Many thanks @Kevin for taking the time to address my questions. No, I've never used it before. I really appreciate if you help me with that.

Hey, there is a really great tutorial, here: https://web.stanford.edu/~hastie/glmnet/glmnet_alpha.html

I have also posted some material on Biostars, so, if you search, you should find it

Thank you Kevin. I'll go through that. Could you please what is the reason that I got this warning and how lasso penalty will solve it?

Basically your previous model was likely 'too good' for the data that you have. This issue can occur when you have too many parameters in the model and / or when you have a small dataset.

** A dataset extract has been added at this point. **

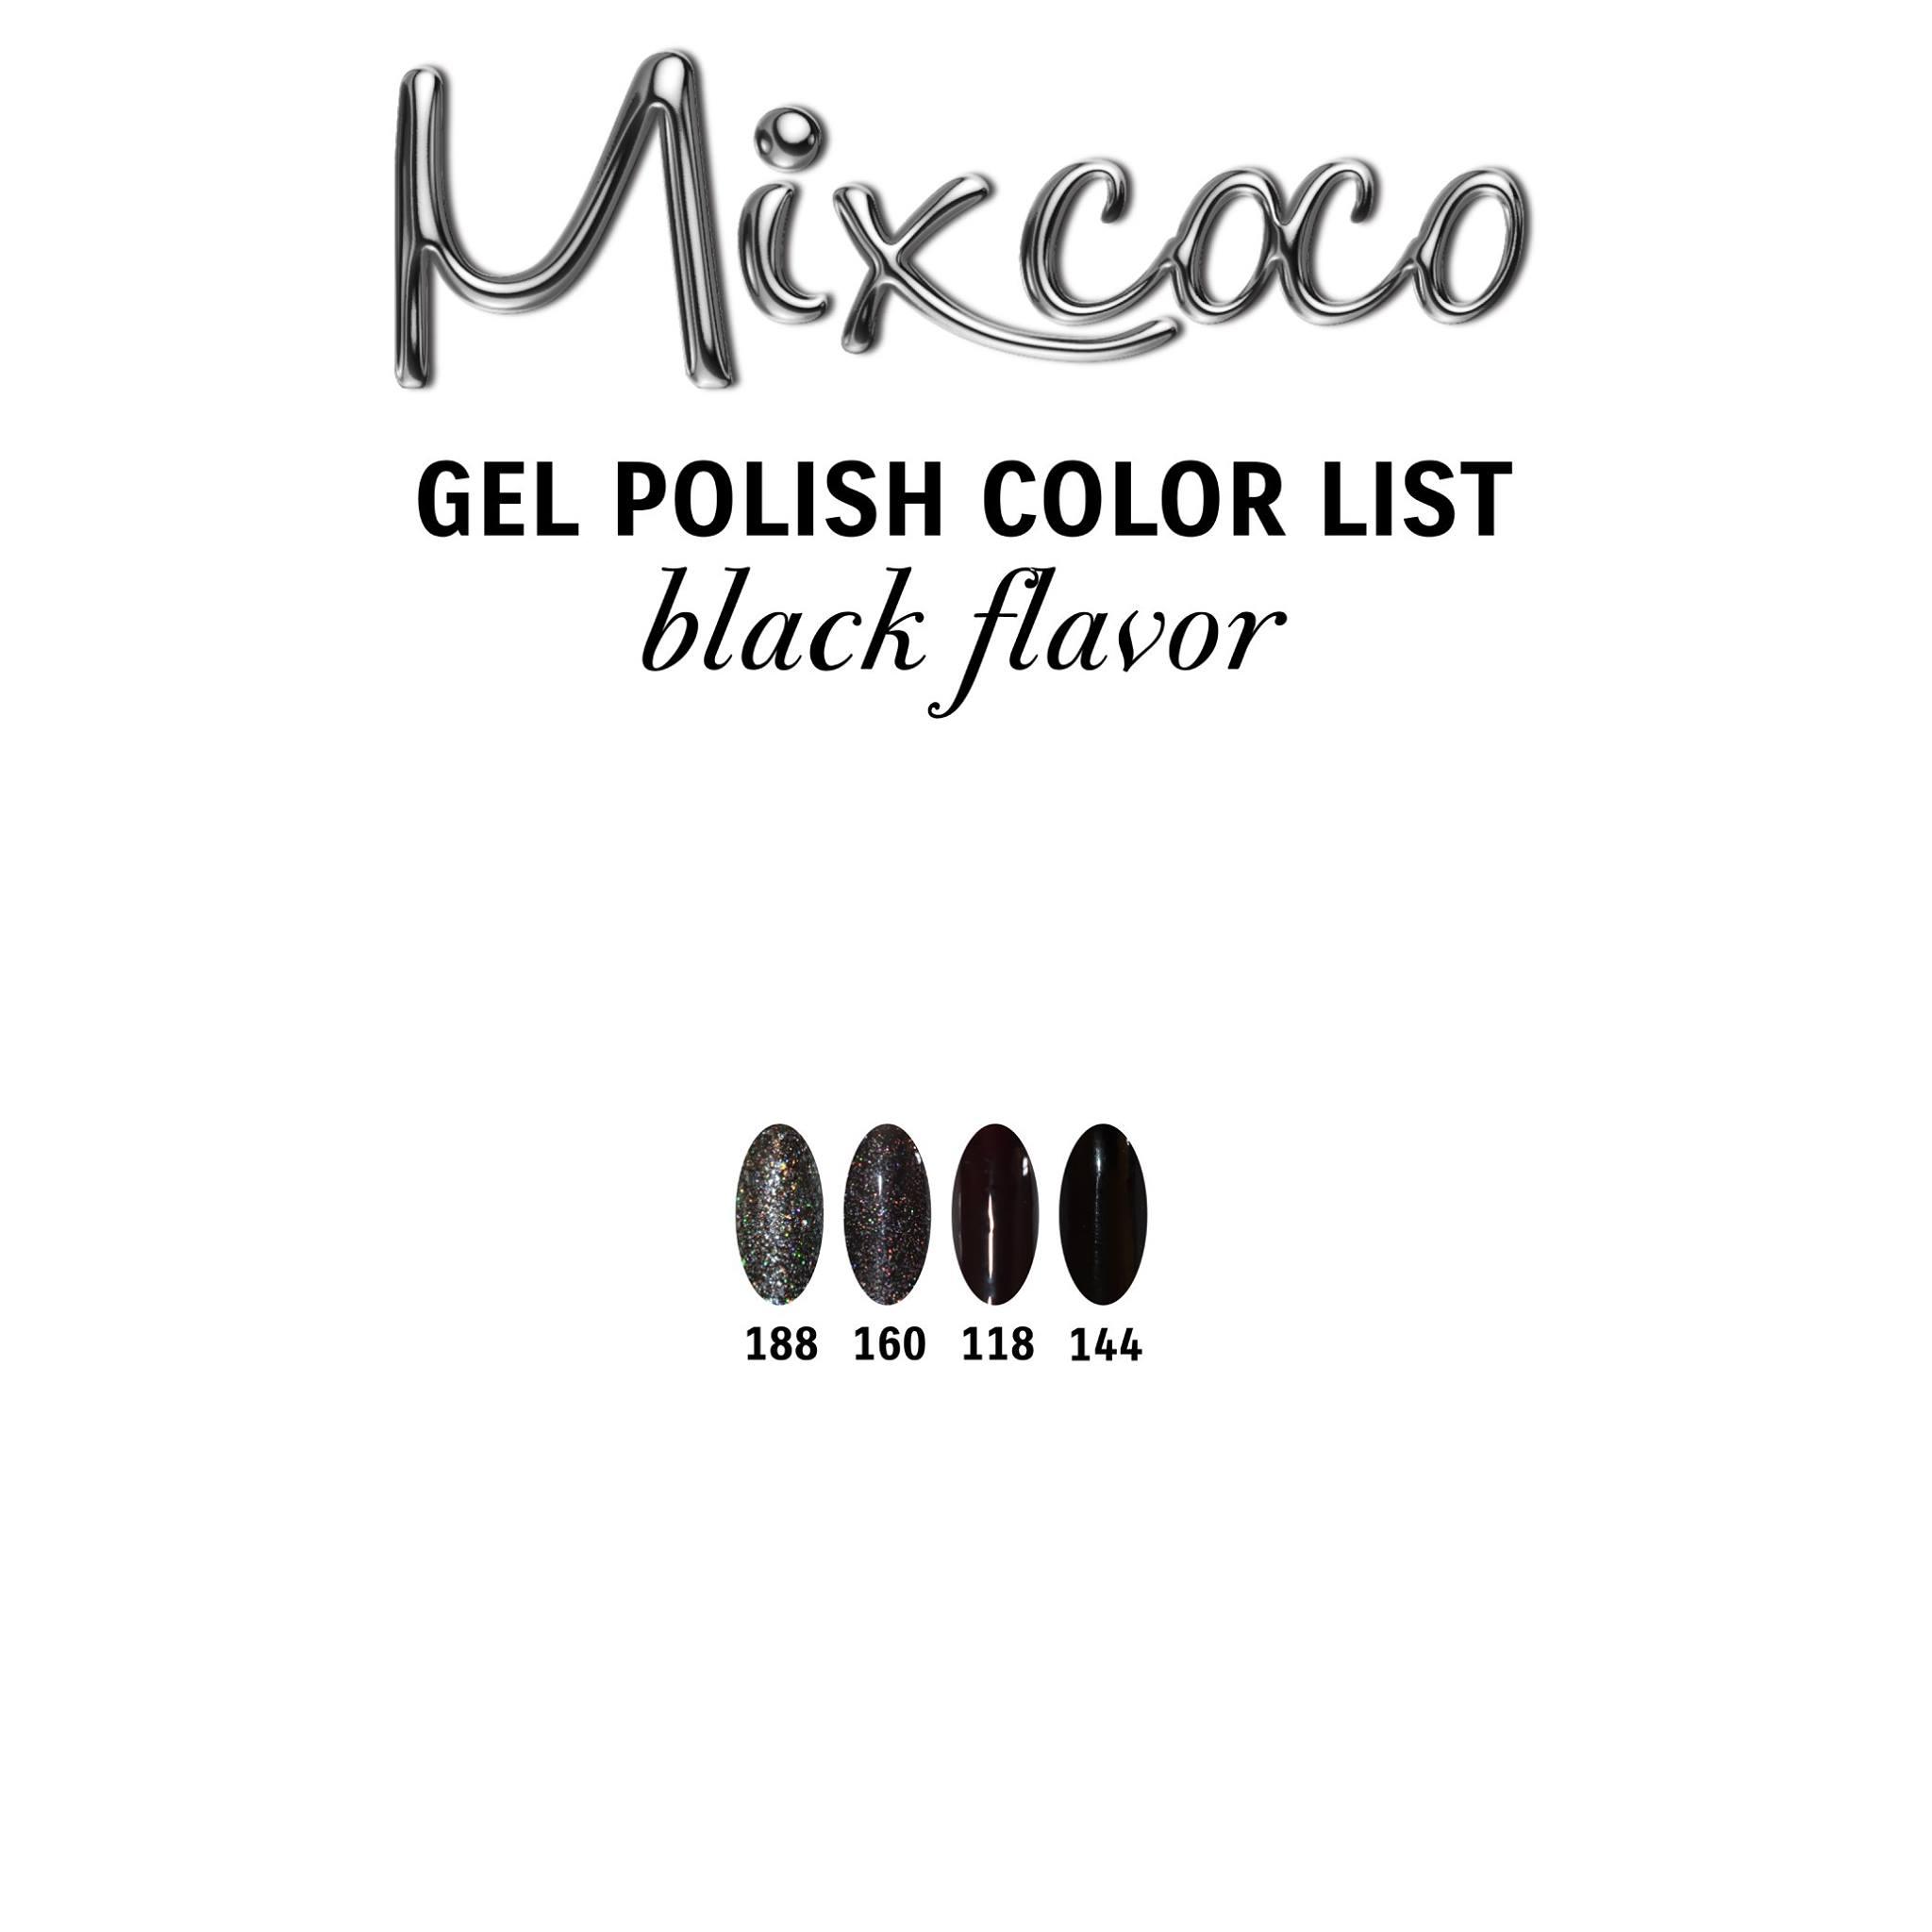 Gel Polish Color List - Black Flavor

Regression with the lasso penalty introduces a penalty / weighting for each parameter, which allows it to work with such problematic models as these. I give a very quick overview here: A: How to exclude some of breast cancer subtypes just by looking at gene expressio

I saw your comprehensive post here about how to build a lasso-penalised model. I did based on your instruction and I got this coefficient for each gene:

These are the result based on

metrics: min λ (lamba). sorry for naive question. I am new to this field. could you please tell me what is the meaning of those dots? In your post you mentioned that "The best predictors will generally be those that have the smallest (possibly zero) coefficient values". You provided two coefficients "co" and "co_se". based on which one we have to select the best predictor? Many thanks!